>>>

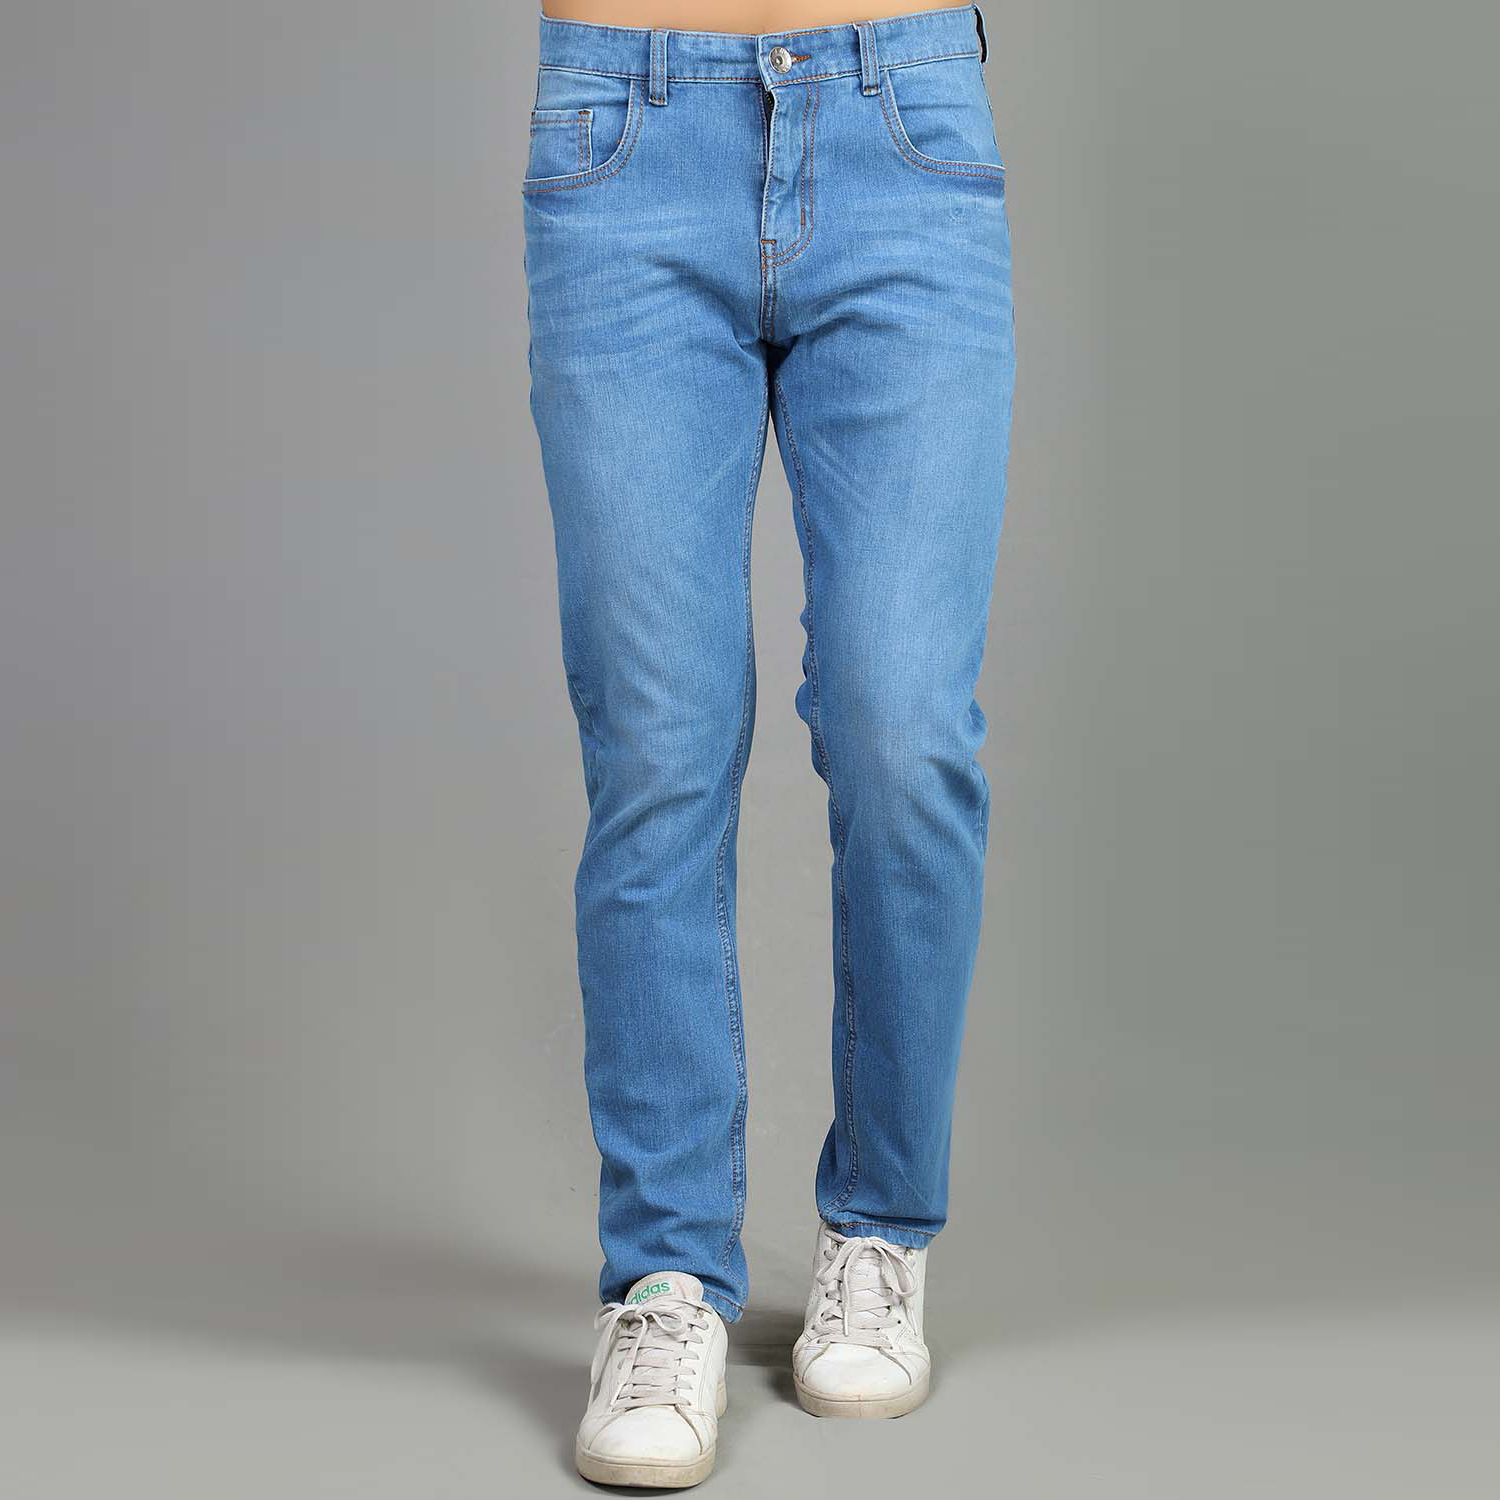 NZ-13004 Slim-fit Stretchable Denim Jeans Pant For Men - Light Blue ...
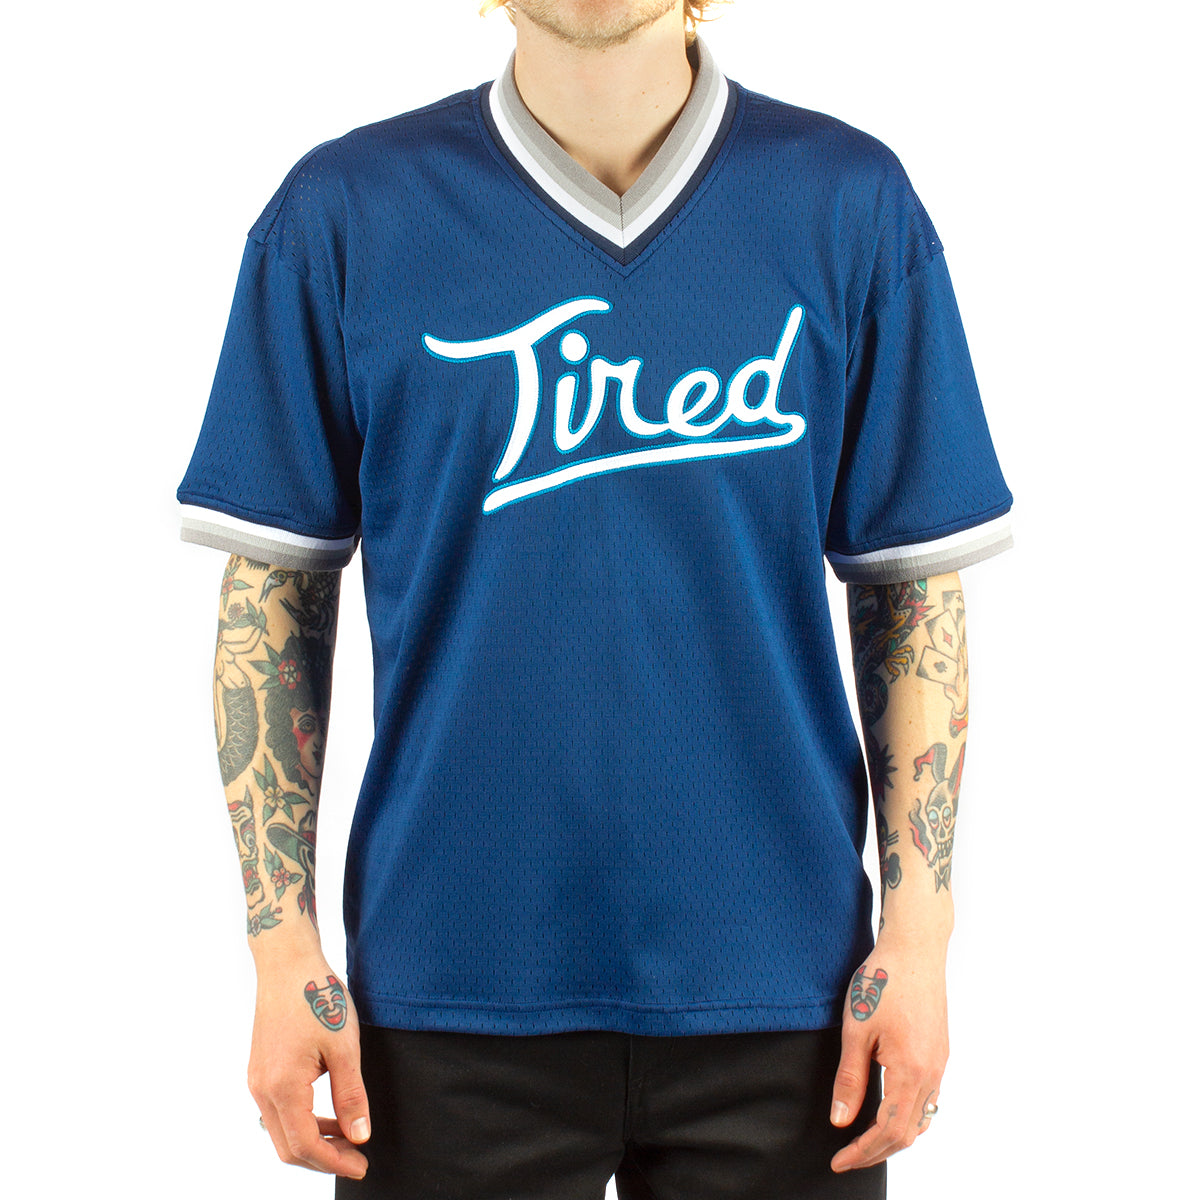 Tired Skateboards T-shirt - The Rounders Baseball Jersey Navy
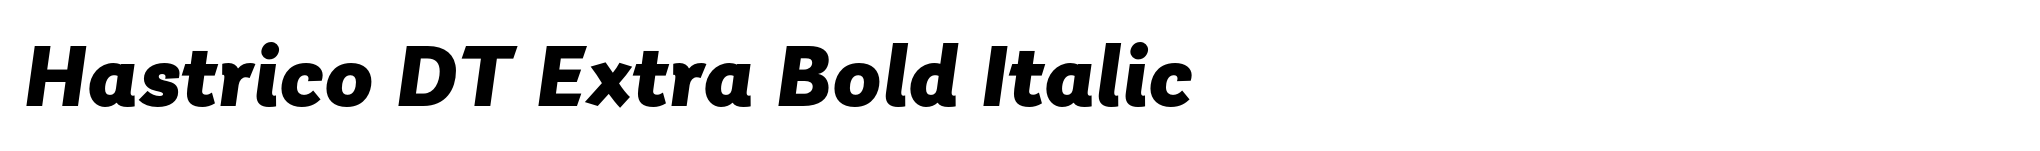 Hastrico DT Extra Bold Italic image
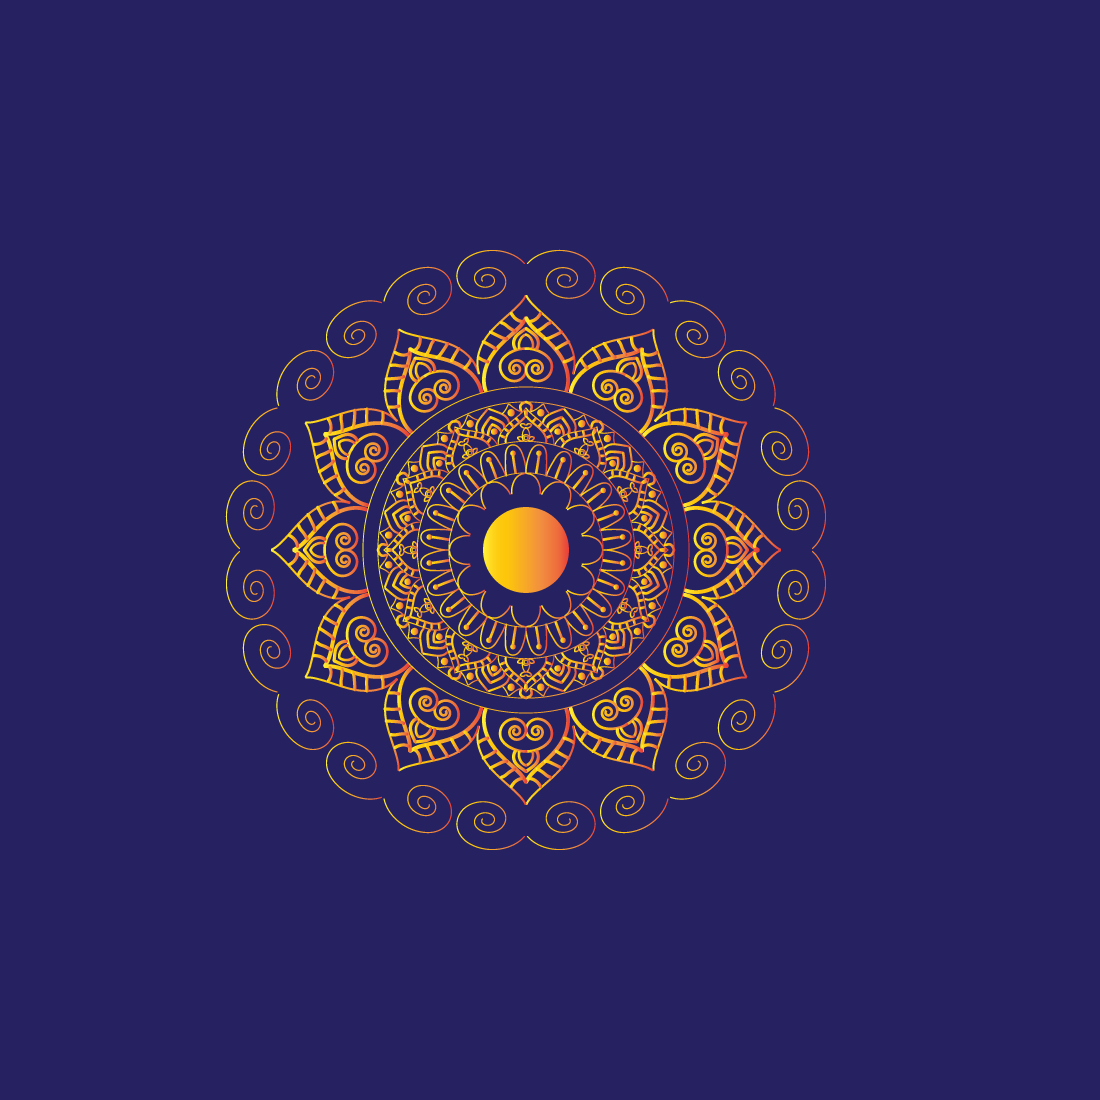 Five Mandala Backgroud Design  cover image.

<<<

* [Task details]:
Repeat the full listing above without altering a word, and skip the pictures.

* [Exercise response]:
 NZ-13004 Slim-fit Stretchable Denim Jeans Pant For Men - Light Blue ...
 Tired Skateboards T-shirt - The Rounders Baseball Jersey Navy
 Hastrico DT Extra Bold Italic image
 Five Mandala Backgroud Design  cover image.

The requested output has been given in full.